我在csv中有一个网站列表,我想在该列表上捕获所有pdf。
BeautifulSoup select可以在<a href>
上正常工作,但是有一个以<data-url="https://example.org/abc/qwe.pdf">
开始pdf链接的网站,汤没有任何东西。
我是否可以使用任何代码获取以“ data-url”开头并以.pdf结尾的所有内容?
我为乱码表示歉意。我还在学习。
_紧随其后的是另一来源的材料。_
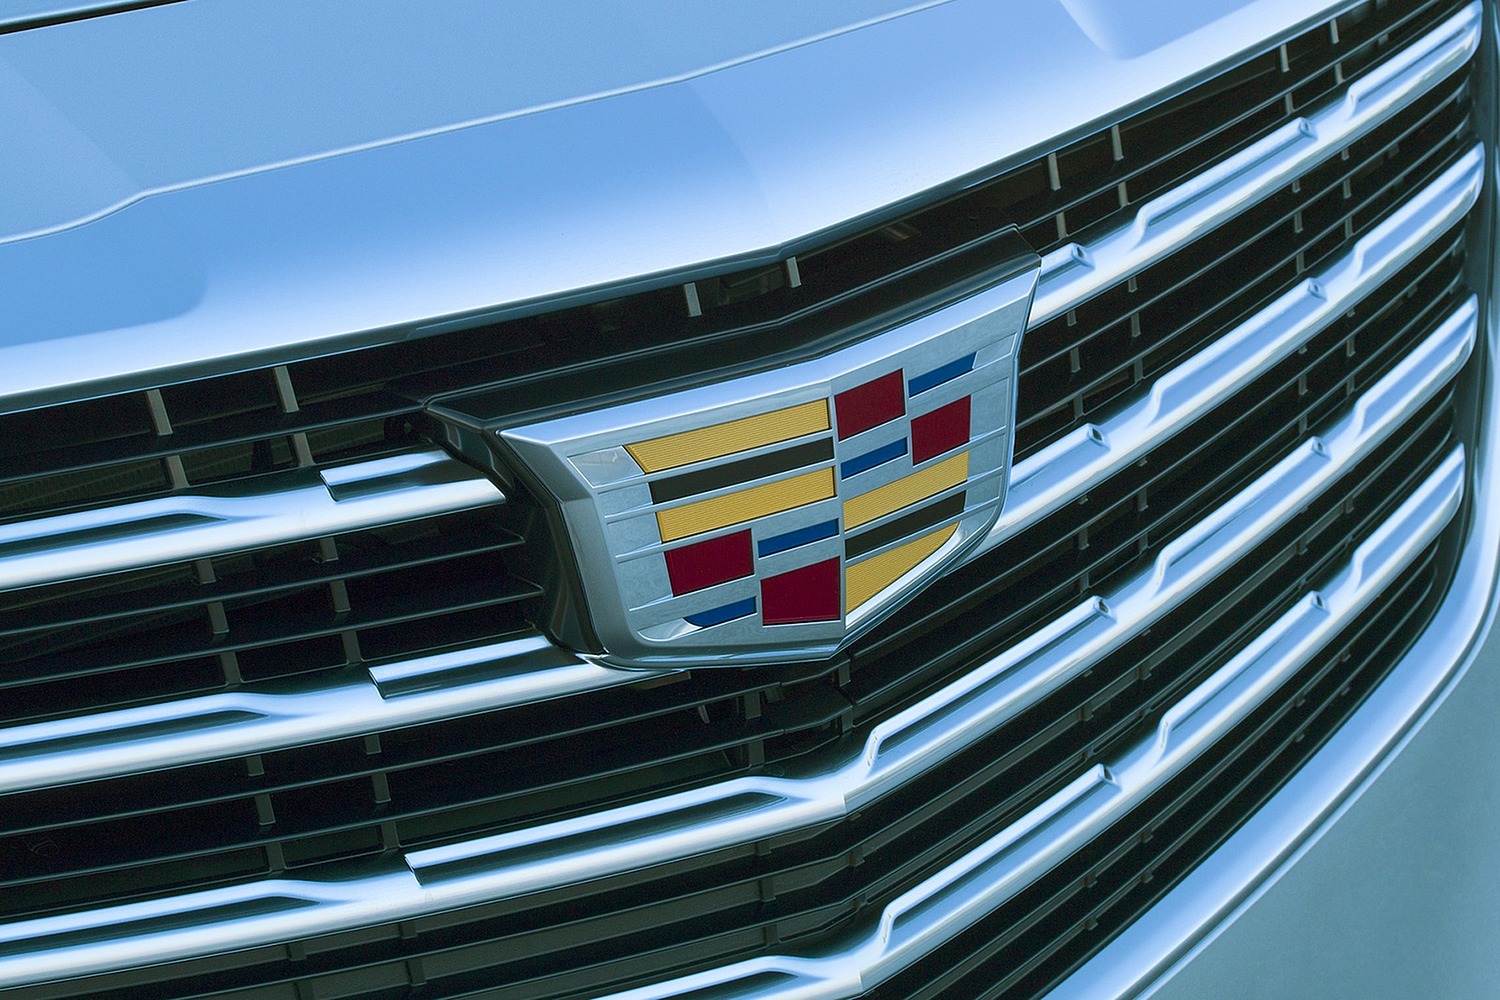 Cadillac CTS Luxury Sedan Front Badge (2017 model year shown)

请让我知道是否可以澄清。
谢谢:D
csv看起来像这样
123456789 https://example.com
234567891 https://example2.com
import os
import requests
import csv
from urllib.parse import urljoin
from bs4 import BeautifulSoup
#Write csv into tuples
with open('links.csv') as f:
url=[tuple(line) for line in csv.reader(f)]
print(url)
#If there is no such folder, the script will create one automatically
folder_location = r'C:\webscrapping'
if not os.path.exists(folder_location):os.mkdir(folder_location)
def url_response(url):
global i
final = a
response = requests.get(url)
soup= BeautifulSoup(response.text, "html.parser")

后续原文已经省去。